Un des nombreux maux qui rongeaient la cité était le commerce illicite de haschisch. Devant les argousins de la cité, lesquels faisaient régulièrement des incursions afin de donner l’illusion de vouloir en finir avec les bandes qui vivaient de ce négoce, Sa Martiale Suffisance entonna la vieille antienne si chère à son favori le duc du Dard-Malin : sans demande pour le haschisch, il n’y eût point de trafique et de mauvaises pratiques. La chose était limpide.

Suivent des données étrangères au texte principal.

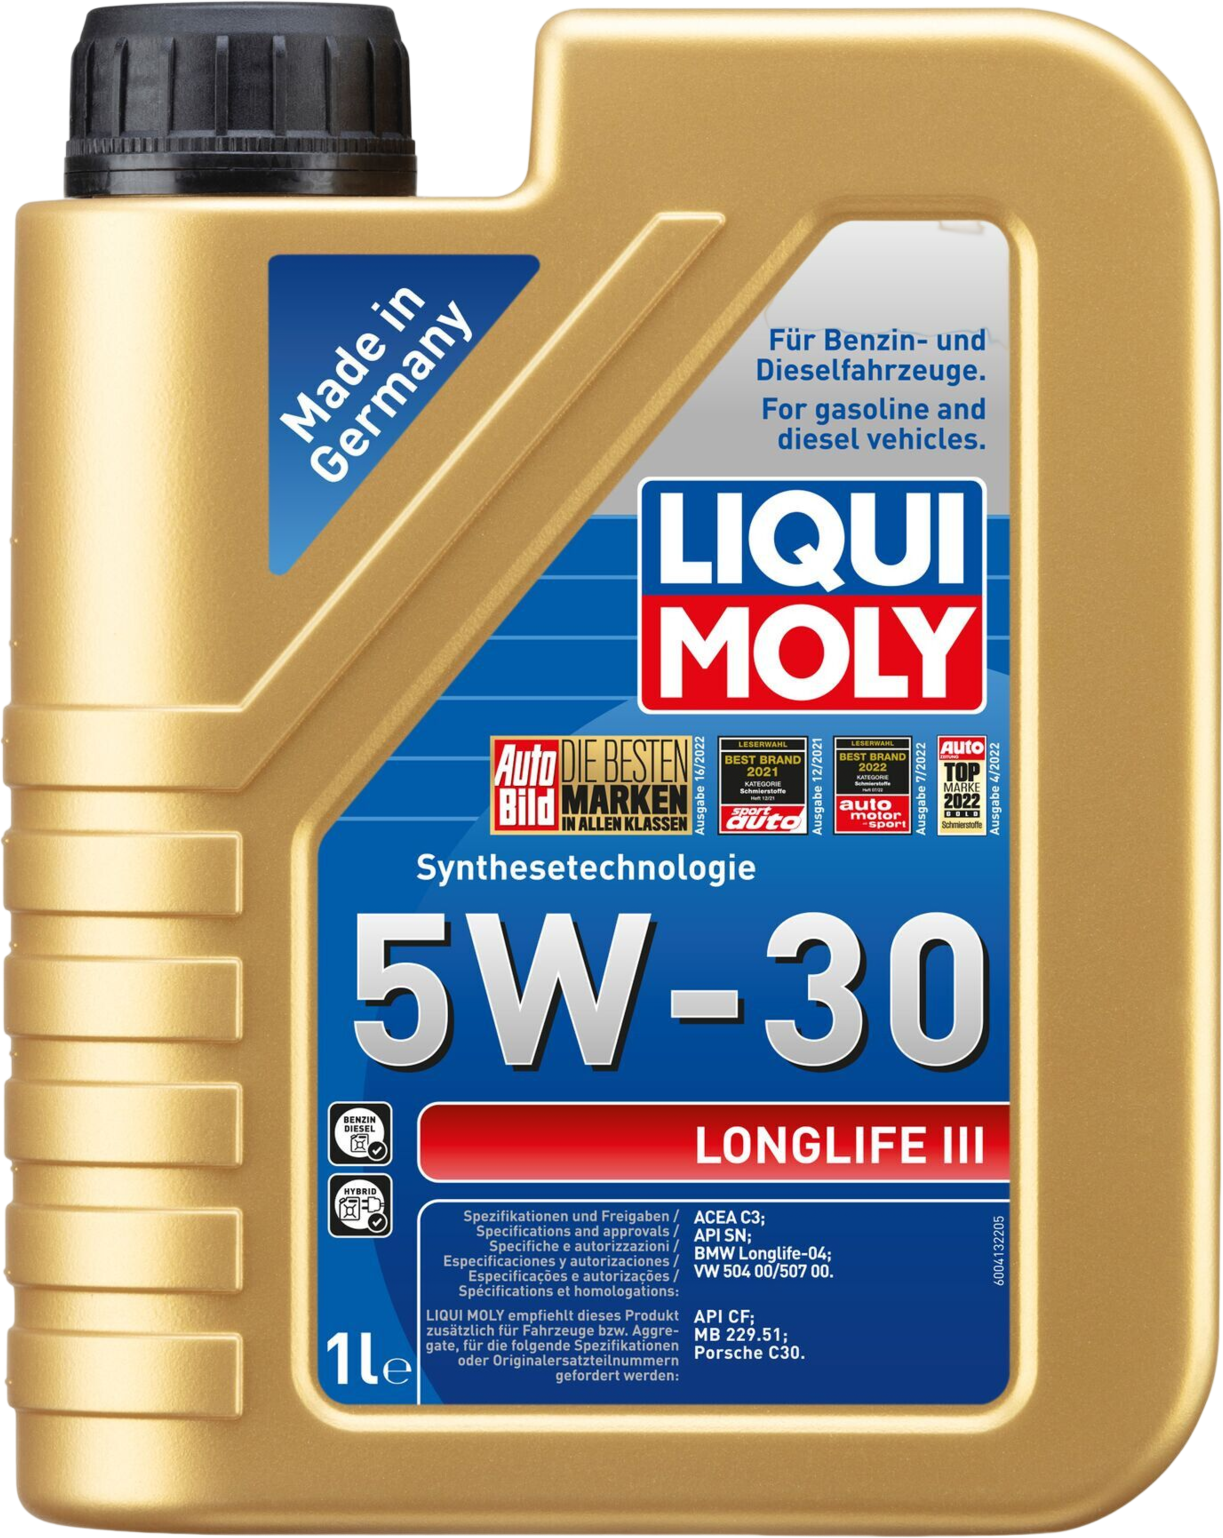 Liqui Moly Longlife III 5W-30, 1 lt

«Il faut que tout le monde comprenne dans notre pays que les consommateurs de drogue sont des complices de fait des trafiquants » asséna Notre Poudreux Freluquet. Quelques jours auparavant, une petite bande de ces boutiquiers illicites s’était fait portraiturer par un gazetier sur leur lieu de négoce. « Vous voyez comment fait le Monarc ? On lui obéit là où il passe. Eh ben, nous ici c’est pareil, c’est nous qui décidons qui entre et qui sort. On tient le péage ». Cette fanfaronnade agaça prodigieusement monseigneur le duc du Dard-Malin qui manda tout uniment qu’une troupe d’argousins se rendît sur place et mît tout le réseau hors d’état de nuire. Le duc hérita pour cette opération du doux sobriquet de Tare-Tarin, tant le bilan – dont il se félicita à cor et à cris en cuicuitant à tout va – était maigre : à peine deux livres de chanvre, et quelques grammes d’une autre substance, dont il se murmurait qu’elle était fort en usage non seulement dans les salons dorés de Lutèce,mais aussi dans les couloirs du Château et dans les Chancelleries. La maréchaussée saisit aussi une poignée d’écus, ce qui était fort loin des dizaines de milliers d’écus dont le duc avait quelques jours auparavant affirmé qu’elles étaient les émoluments quotidiens de ces épiciers.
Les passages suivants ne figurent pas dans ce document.